Estamos cientes de que, em vários contextos sociais difundiu-se um sentido de indiferença e até de rejeição, disse Francisco. “Cresce um sentimento de medo, que leva a erguer as próprias defesas perante aquilo que, instrumentalmente, é descrito como uma invasão. A retórica do choque de civilizações serve apenas para justificar a violência e alimentar o ódio.” 

Elevar a voz pela tutela das minorias e da liberdade religiosa

Pela nossa vez, irmãos, levantamos a voz para pedir aos governos a tutela das minorias e da liberdade religiosa. A perseguição de que são vítimas sobretudo, mas não só, as comunidades cristãs é uma ferida que dilacera o nosso coração e não nos pode deixar indiferentes, disse Francisco, afirmando com veemência:

“Jamais aceitaremos que pessoas que procuram por um mar a esperança, morram sem receber socorro, nem que alguém que chega de longe acabe vítima de exploração sexual, tanto mal pago como contratado pelas máfias.” 

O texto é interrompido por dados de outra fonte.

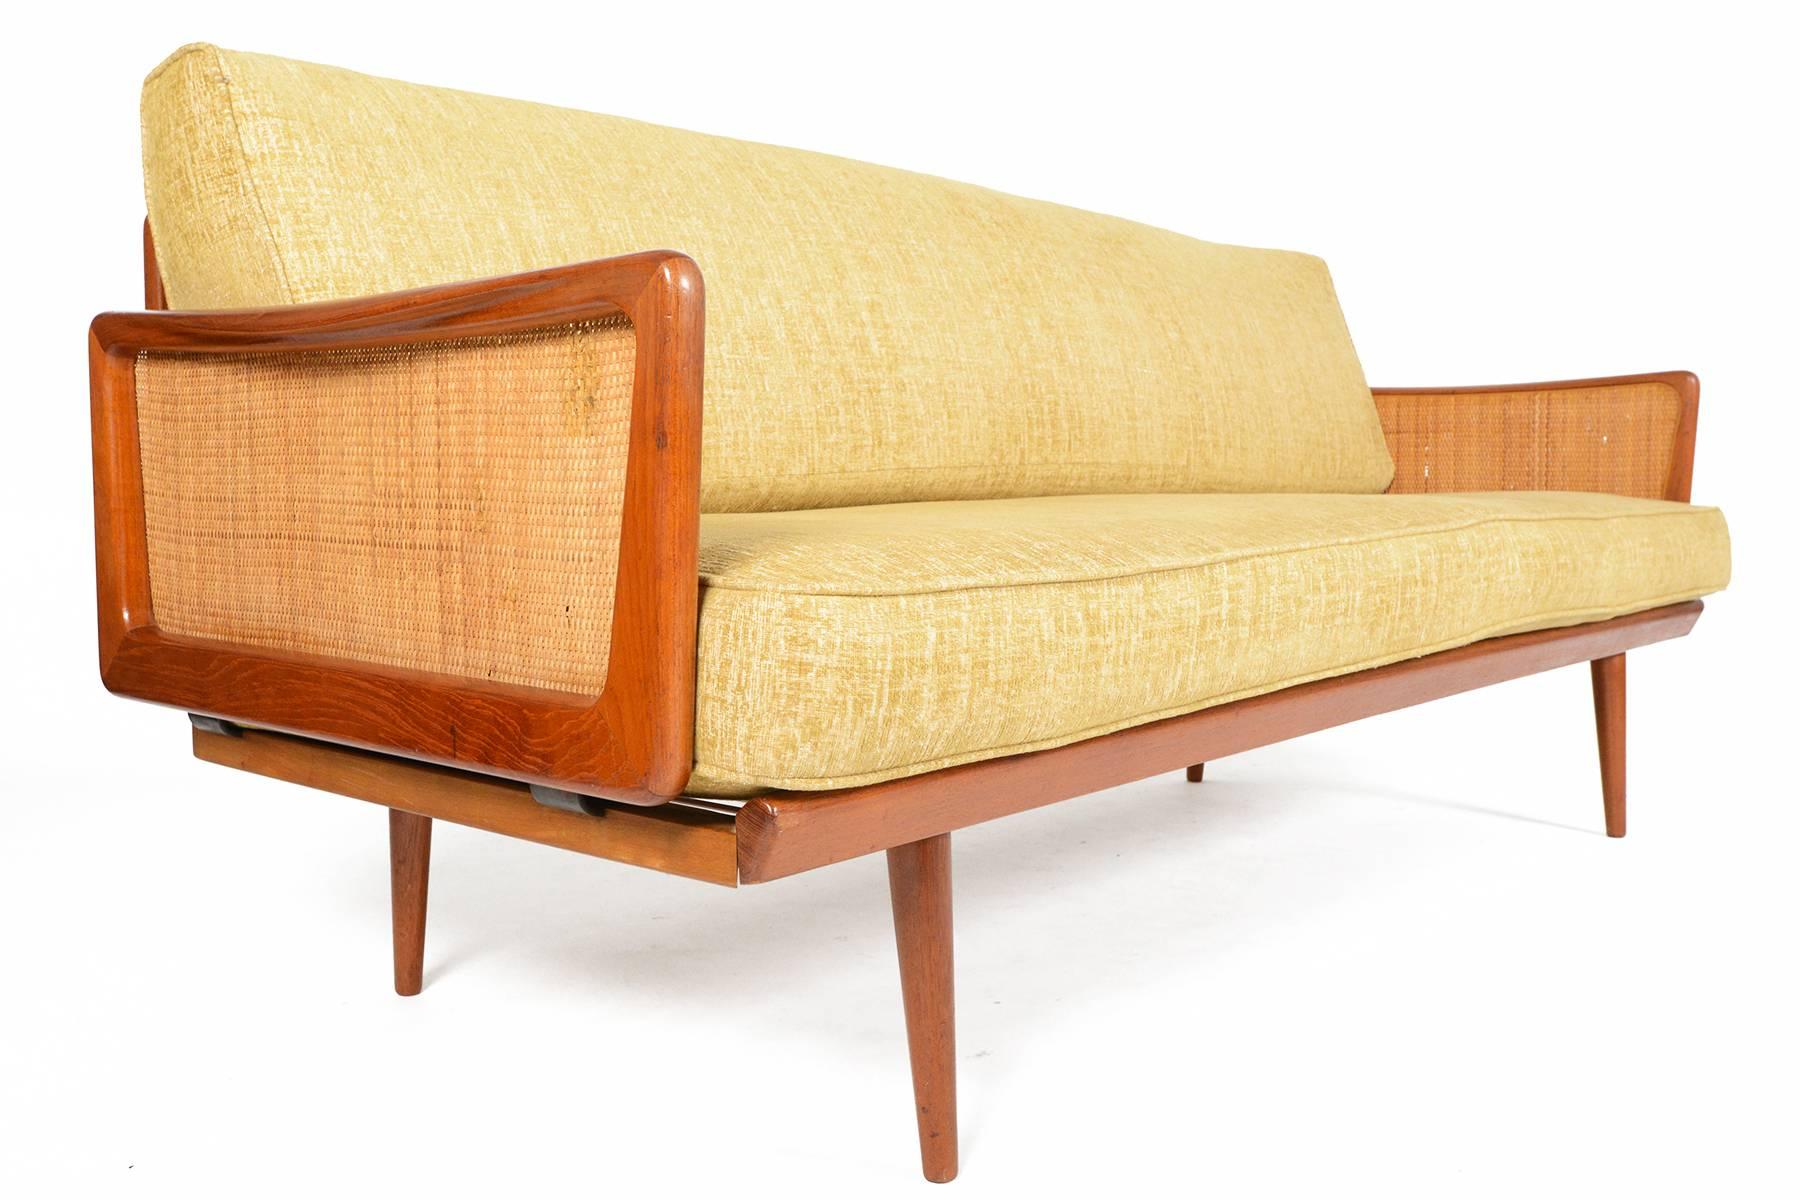 This fantastic Danish modern sofa was designed by Peter Hvidt in the 1960s. The solid teak frame features original cane arm panels inside the sculpted teak armrests and back paneling. Adorned with brass hardware. The two cushions are covered in a

Não levantar muros, o outro como portador de riqueza 

Obviamente, disse, “a hospitalidade e uma integração digna são etapas dum processo não fácil; mas é impensável poder enfrentá-lo levantando muros. Antes, desta maneira, é-nos impedido o acesso à riqueza de que o outro é portador e que constitui sempre uma oportunidade de crescimento”. 

Superar preconceitos e estereótipos

O Papa afirmou ainda que o Mediterrâneo tem uma vocação peculiar: é o mar da mestiçagem, “culturalmente aberto sempre ao encontro, ao diálogo e à mútua inculturação”. “Só o diálogo permite encontrarmo-nos, superar preconceitos e estereótipos, contar e conhecermo-nos melhor a nós mesmos” frisou.

Para quem acredita no Evangelho, o diálogo tem um valor não apenas antropológico, mas também teológico, observou, acrescentando que “é necessário elaborar uma teologia do acolhimento e do diálogo, que reinterprete e reproponha a doutrina bíblica”.

Ao terminar o encontro com os Bispos do Mediterrâneo o Papa desceu à Cripta da Basílica para venerar as relíquias de São Nicolau e saudou os Padres Dominicanos.